Nonlinear characteristics of a multi-degree-of-freedom spur gear system with bending-torsional coupling vibration

Abstract The paper deals with bending-torsion coupling response of spur gear system due to its complex excitations. Based on the Bartelmus model, a multi-degrees-of-freedom lumped parameter dynamic model of a one-stage gear system, which includes gear mesh stiffness fluctuations, transmission errors, gear backlash and torque loads, is established. Considering the misalignment of gear root circle and base circle, an improved mesh stiffness model is applied to calculate the time-varying mesh stiffness by simplifying the gear tooth as a cantilever beam on the root circle. Based on these equations of gear system, the dynamic orbits of the bending-torsion coupling system are observed using bifurcation diagrams plotted with the frequency ratio and torsional stiffness as control parameters.
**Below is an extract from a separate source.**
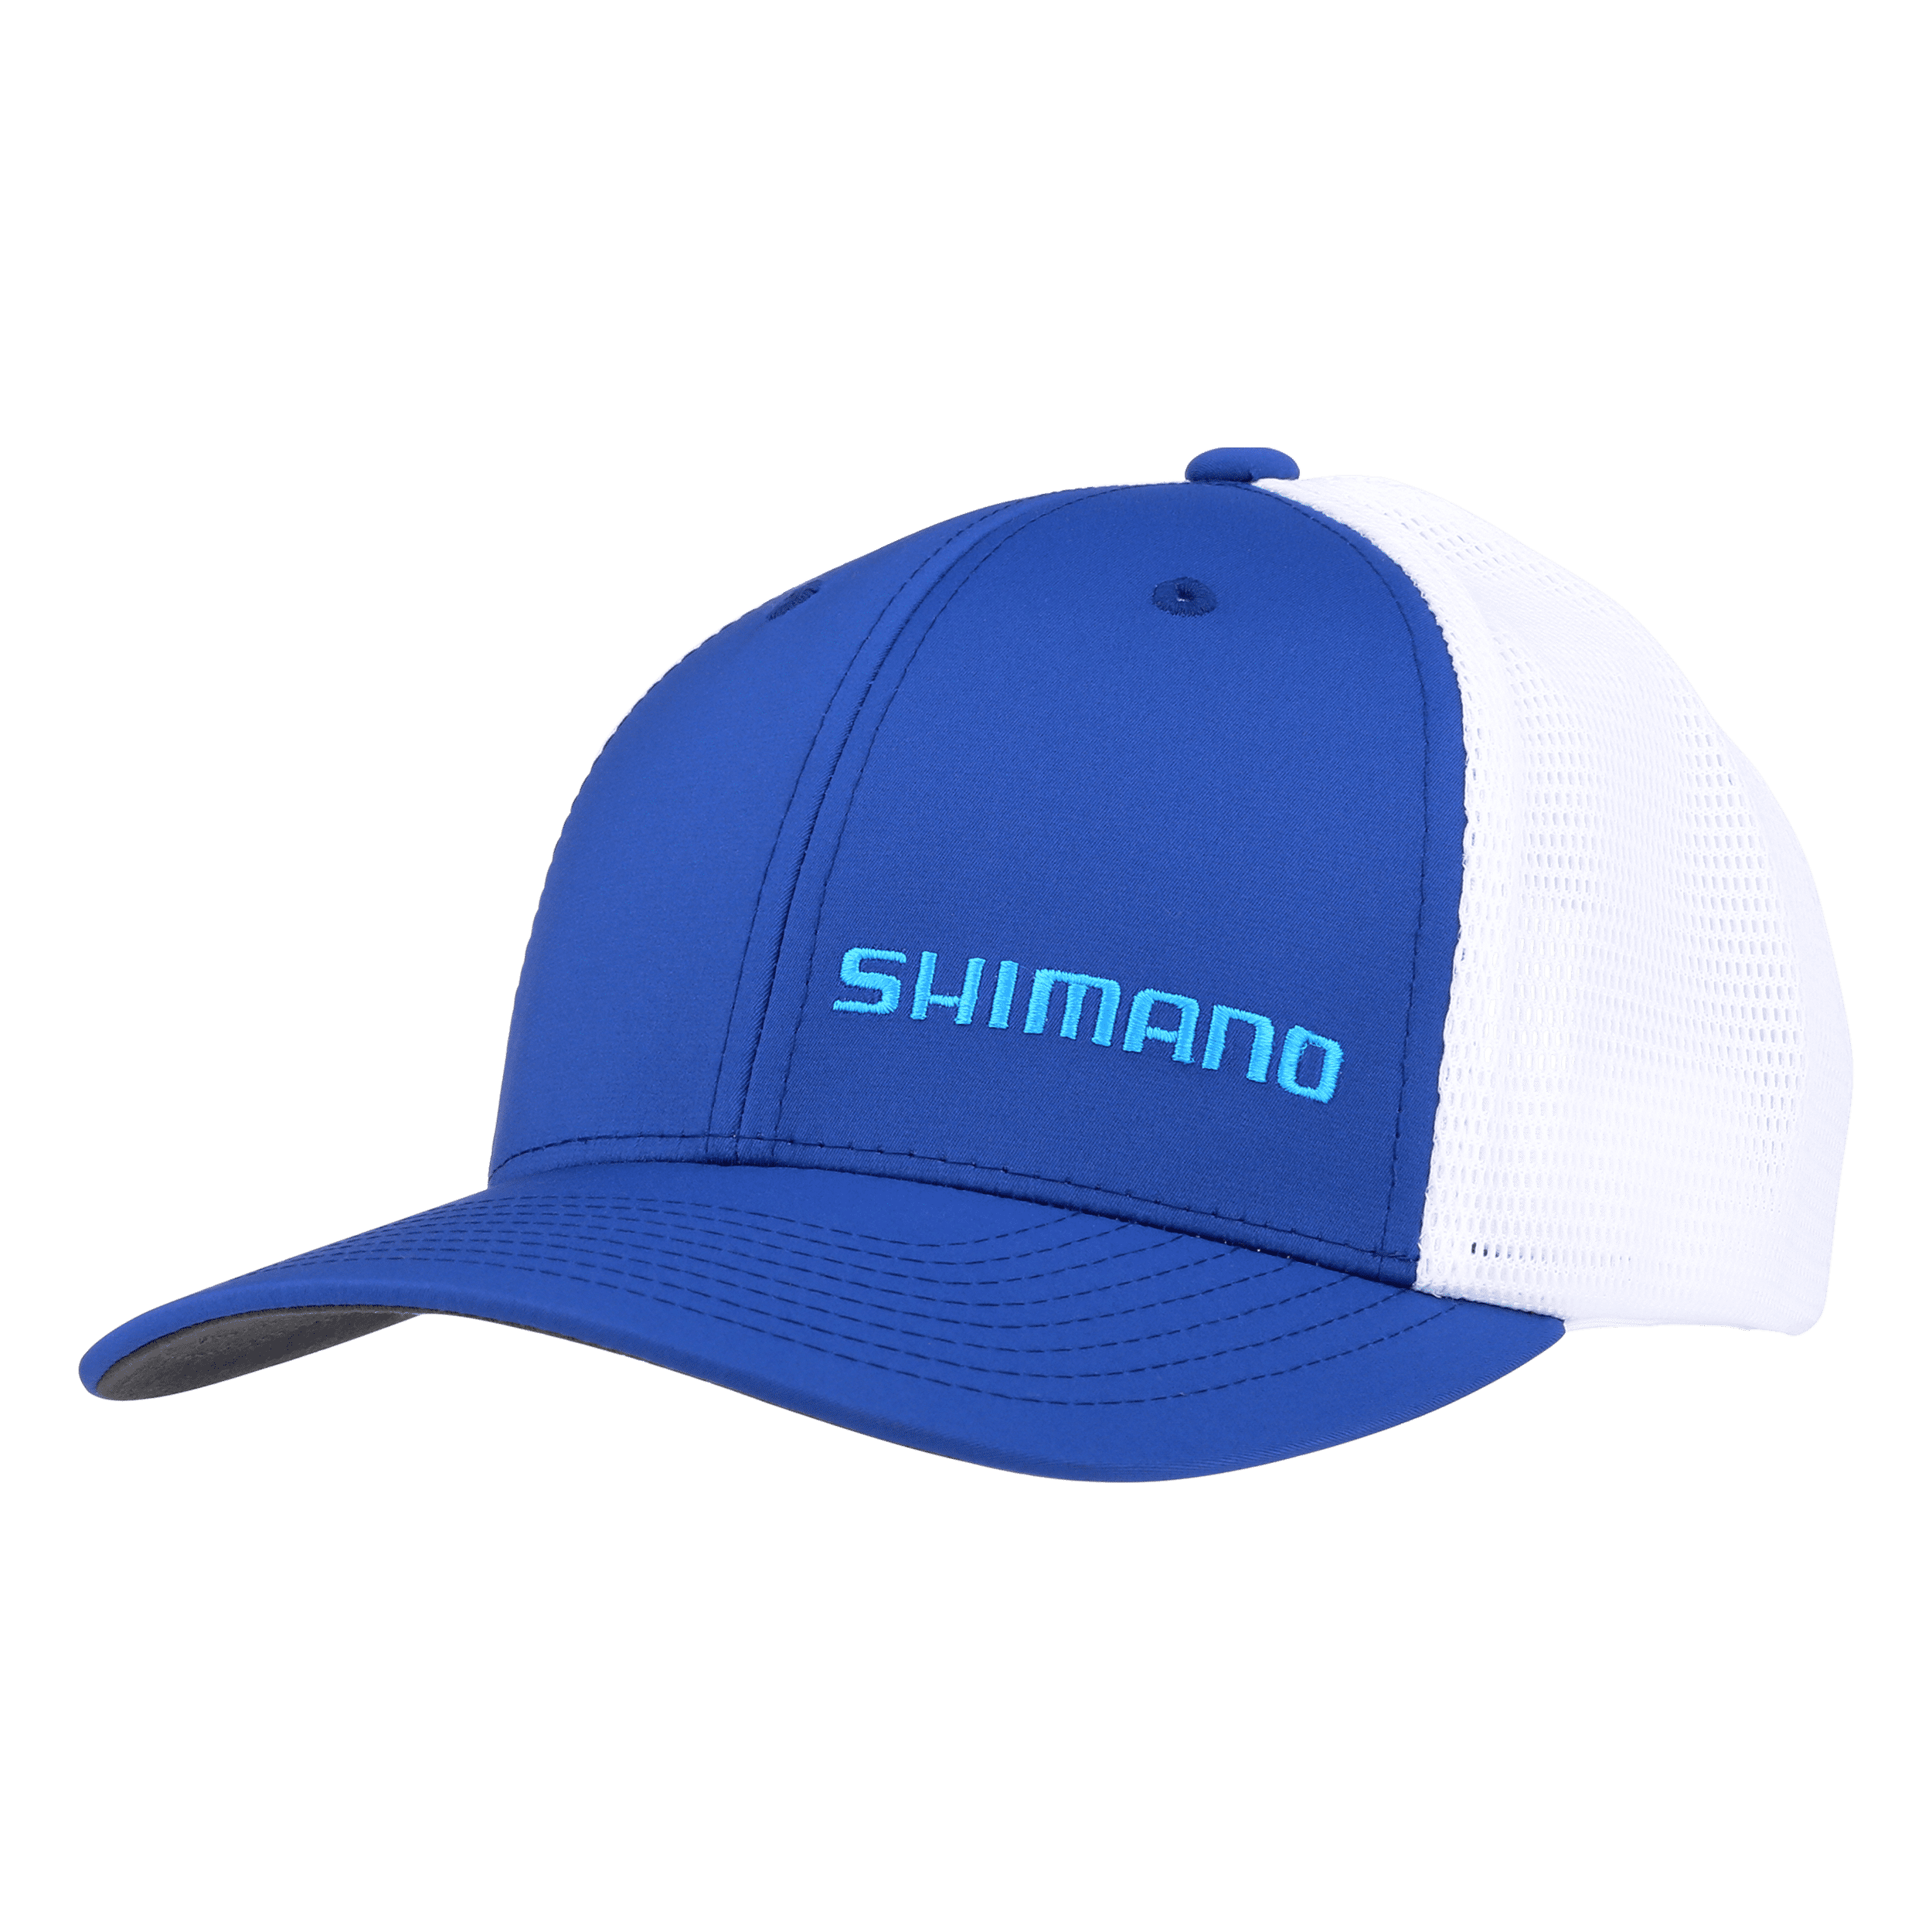 Fishouflage Camo Strike Cap- Crappie Fishing Hat (One Size)

Meanwhile the dynamic properties of the gear system are identified from the time domain response diagrams, phase plane diagrams, Poincare maps and amplitude-frequency spectrums of the gear system. The numerical results show that the system exhibits a diverse range of periodic, sub-harmonic, and chaotic motion with the coupling effects of bending and torsional vibrations. The results provide us a further understanding about vibration generation mechanisms and work status of the spur gear system.